Staff your team with people you need

We encountered several networking issues during our deployments. Our DevOps team needed to coordinate several different things with the internal networking team, which was responsible for setting up security platforms for the network. One issue that arose from this revolved around confusion regarding roles and responsibilities for the network configuration as a whole; the DevOps team was responsible for getting the ASE deployed and configured, but the network team owned the network parts as a whole. It would have been helpful to have someone from that team as part of ours

Keep developers out of Azure DevOps

There is nothing worse than having a build or deployment go bad, and finding the source of your problems coming from a developer's 'tweak' that wasn't communicated to the DevOps team. (This goes doubly for deployment script changes, but we just put everything into git submodules, so we've already got that covered).

In short, don't let them do it, and keep them locked out of the Azure DevOps site.
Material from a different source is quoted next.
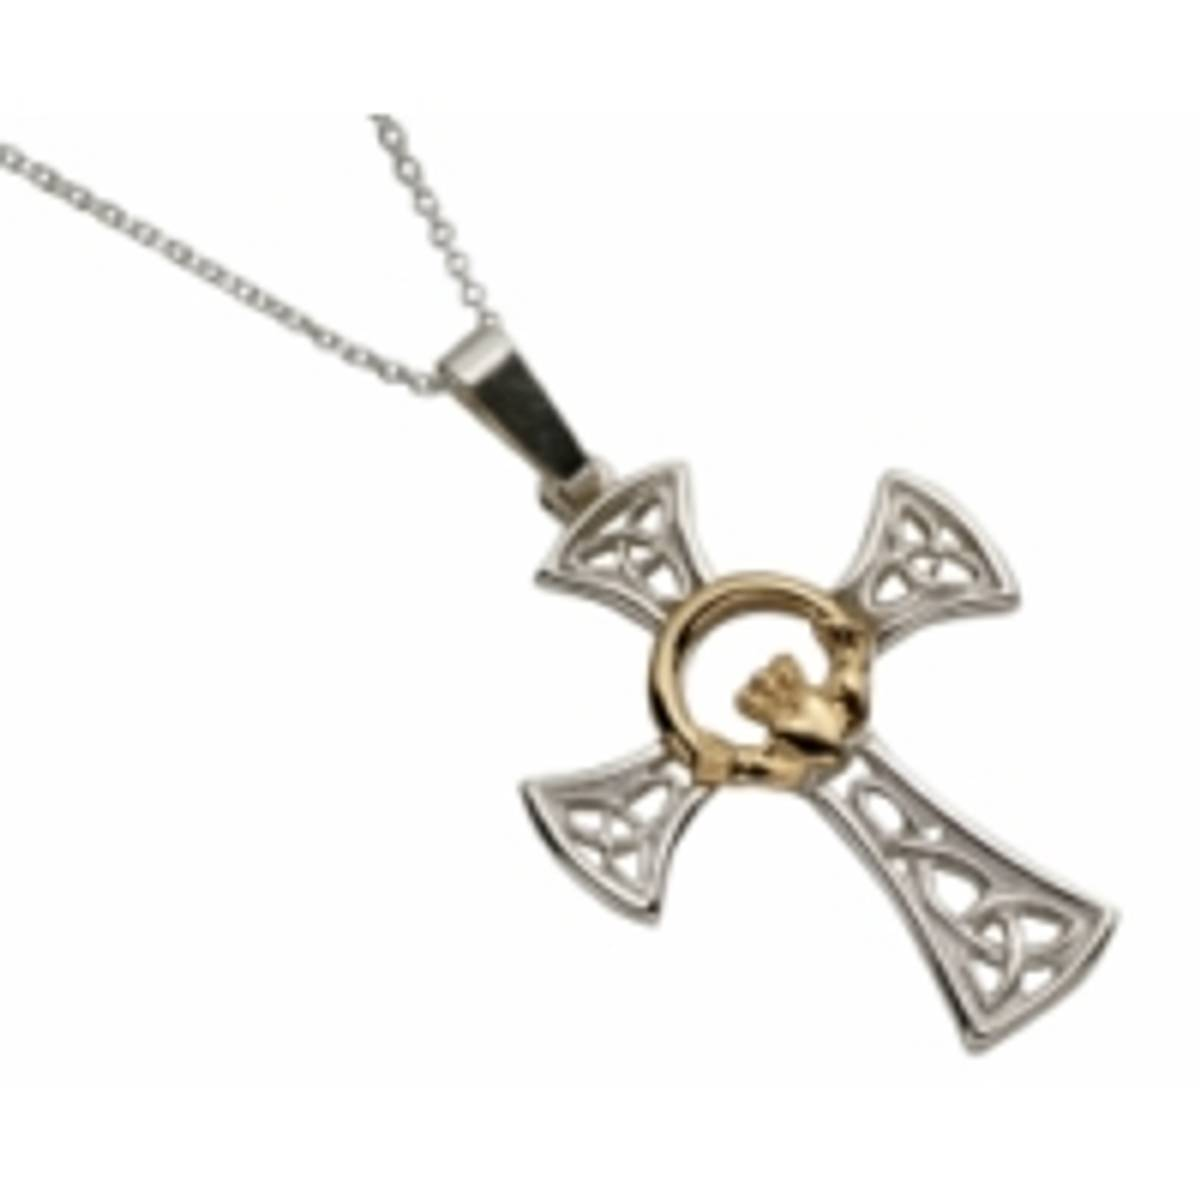 Silver filigree Celtic cross pendant with 10 carat yellow gold Claddagh motif.

If they need access to their deployments, take advantage of the Azure DevOps security groups and give access to a single point of contact who will be responsible for kicking those off. But at the very least, keep your exposure minimized so that you know who is doing what within the platform.
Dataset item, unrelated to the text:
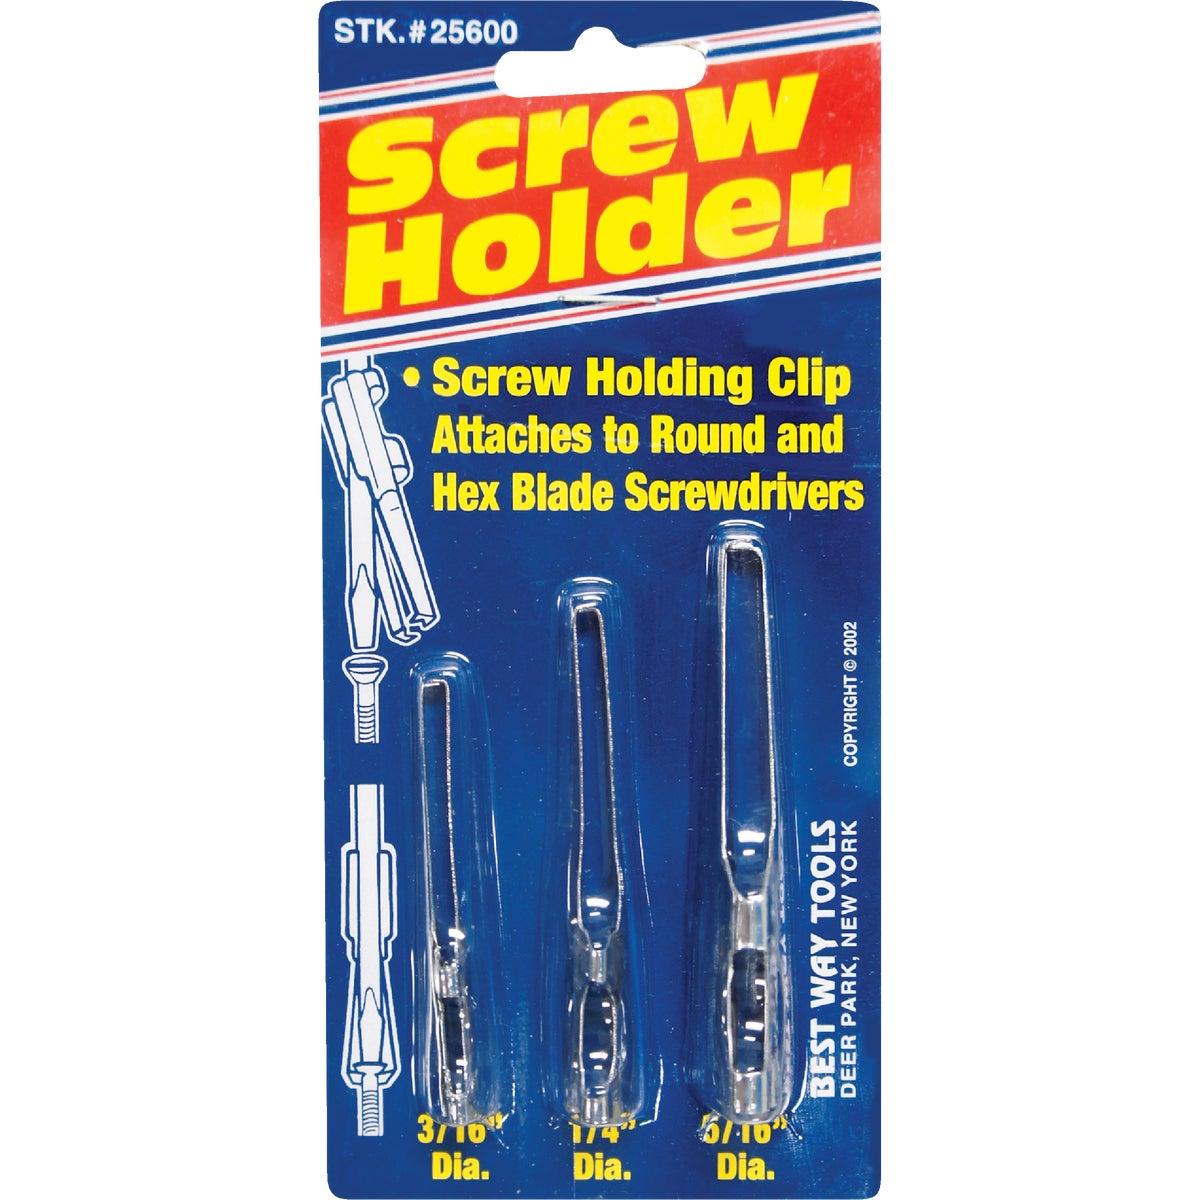 SCREW HOLDER

Favor parameter files to parameter settings

Our ARM templates had a somewhat complicated naming convention for all Azure artifacts deployed, leveraging a format of {company-name}{project-name}{artifact-prefix}{name}{environment} or something similar. For some artifacts, this approach made sense, especially if it had a public-facing unique endpoint associated with it. But for many other artifacts, it made things more confusing than helpful. Worse, it took several different variables to make up the names for different artifacts; these variables were then configured at different places all over Azure DevOps. Now, Azure DevOps is a very nice platform for building and deploying solutions, but it also requires a lot of interaction over the Internet, through a web browser, in order to get things done. Navigating through all of the configuration options requires a lot of network activity, and any kind of latency means it's going to take some time.

I strongly encourage anyone working with Azure DevOps to favor ARM template parameter files over setting up anything in the Azure DevOps user interface, wherever possible. It's not that the UI is bad; indeed, it's improved significantly over the past six months alone. But a more efficient approach will always involve the command line - it's much faster to tweak a JSON file and run a PowerShell script than it is to navigate through Azure DevOps, and as you become more comfortable with Azure and Powershell (assuming you weren't in the first place, of course), the easier it gets.
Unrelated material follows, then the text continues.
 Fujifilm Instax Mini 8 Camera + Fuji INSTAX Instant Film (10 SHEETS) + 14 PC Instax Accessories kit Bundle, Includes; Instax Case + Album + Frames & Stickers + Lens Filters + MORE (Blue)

Learn and Leverage the Azure DevOps API

The Azure DevOps API will let you kick off build/deployment processes and give you all kinds of information about the platofrm as a whole. Even better, you can access it using curl and other simple tools. Spend some time getting familiar with this API and how it works, and you'll find ways to unlock further productivity for your team.

The only constant is change

In the six months spent working on the client's project, Microsoft's DocumentDb product became CosmosDB, several steps used in our Azure DevOps platform became obsolete and/or required upgrading, and a much-improved App Service Environments version 2 was released - and those are just the changes I can recall that had an impact on our project.

To deploy to the cloud is to deploy to a constantly changing and improving platform; generally speaking, these changes are for the better, but with any change, you'll have to be prepared for them up and down the chain - whether it's a new feature to take advantage of, or a pricing change requiring a change to the consumption habits of your solution. Developers, management and executives alike need to remain alert and watchful of all of these things within their cloud application portfolio and have the appropriate measures necessary to make whatever changes they need. Having a strong DevOps team with strategies and management practices in place will go a long way toward making organizations ready to handle these changes.